Christmas isnt just one day for me, it starts in mid november (at the latest) and ends begining of jan when the tree comes down.

Its a magical time, my two are toddlers so its mainly for me at the moment Blush but who cares its enjoyable. We do an activity a day realted to christmas for the advent calendar, simple things as they are little like collect items for making christmas decs, buy the pets a christmas pressie, baking, sledging etc.

I give them presents on Christmas eve, Christmas day, and New years day. We have special meals on these days too, (meaning i put more effort than usual into the trimmings, we eat well any way)

Ill spend a few grand/ 1 and half easy on christmas each year all in. Including clothing, gifts for friends family, each other and the kids, decorations, taking them to see santa, days out shopping and looking at the pretty lights.

I find it a very expensive time of year as i want to get out and do everything. My mom was the same with us when we were little, christmas are my best memories.
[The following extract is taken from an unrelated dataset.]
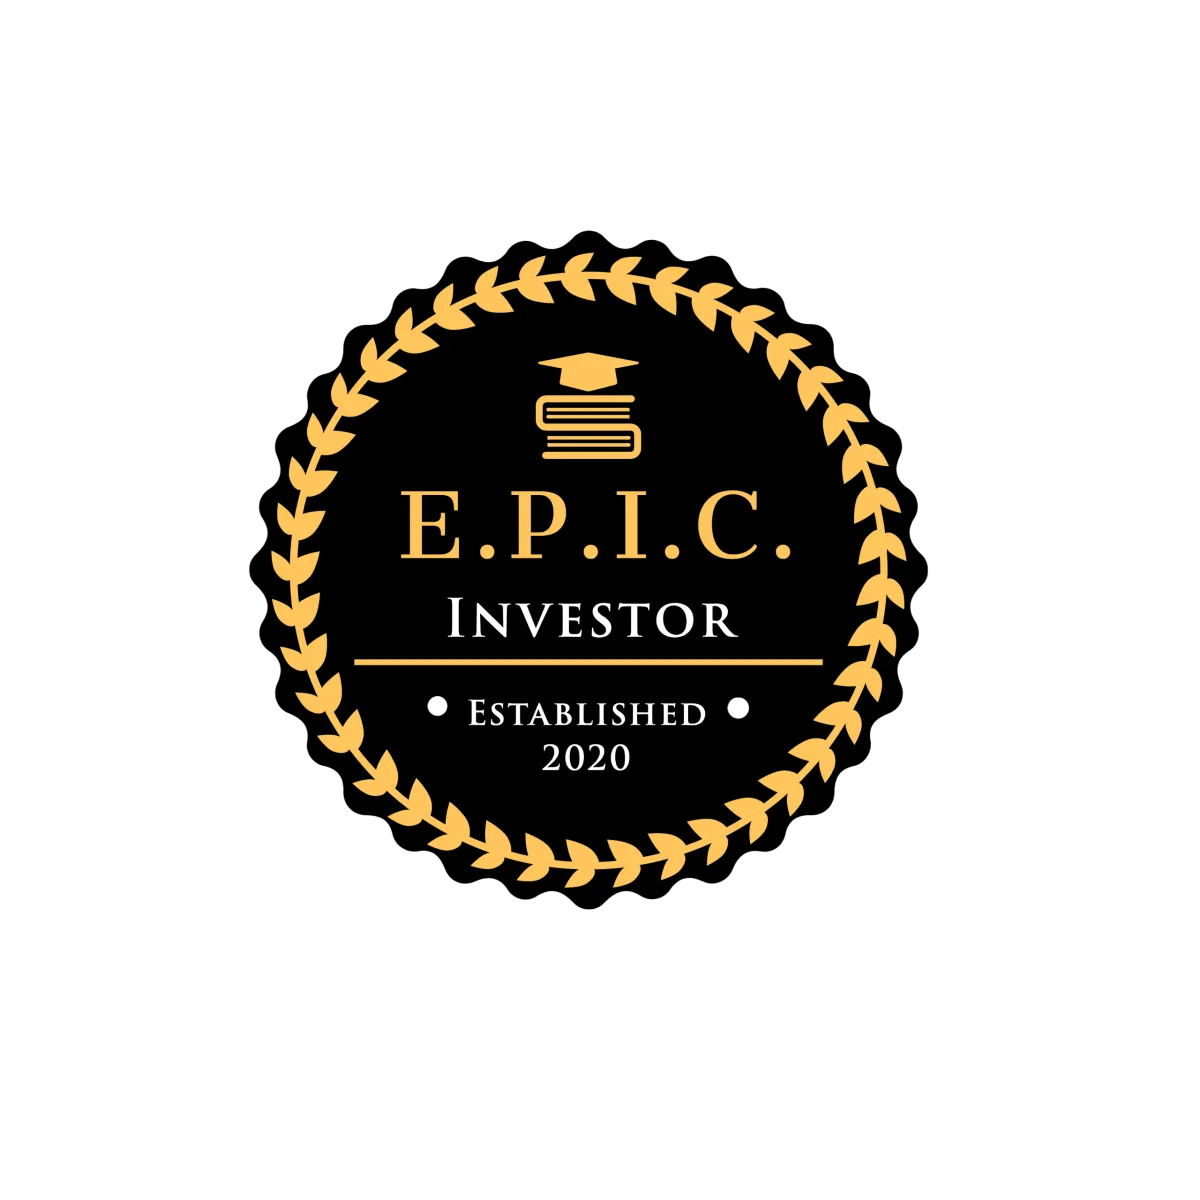 Qualified EPIC Investor

We dont drive flash cars, have holidays abroad, or drink or smoke, im a SAHM with DH on low/middle income salary. We do have a large flat screen tv though so i am the scum of mumsnet, but i care not. We budget through the year and allocate cash to the things we enjoy, thats Christmas season. We buy the kids loads of presents because they enjoy playing with them and i enjoy playing with the kids with their toys. I really cant see whats wrong with spending money on your childrens christmas presents if thats what you want to do.

Roo83 · 21/11/2010 22:33

Of course Christmas can be magical without expensive gifts. My children are 2.5yrs and 3 months so there is no peer pressure whatsoever. I get pleasure from seeing my sons face when he opens something that he absolutely loves. Yes it doesn't have to be expensive,but I'd rather buy a few really good quality toys that will last him. I'm a sahm so generally know the type of things he'd enjoy playing with-or I'd enjoy playing with him. Every day of my life I work to give him good values and morals so giving him nice gifts one day a year won't undo all this hard work.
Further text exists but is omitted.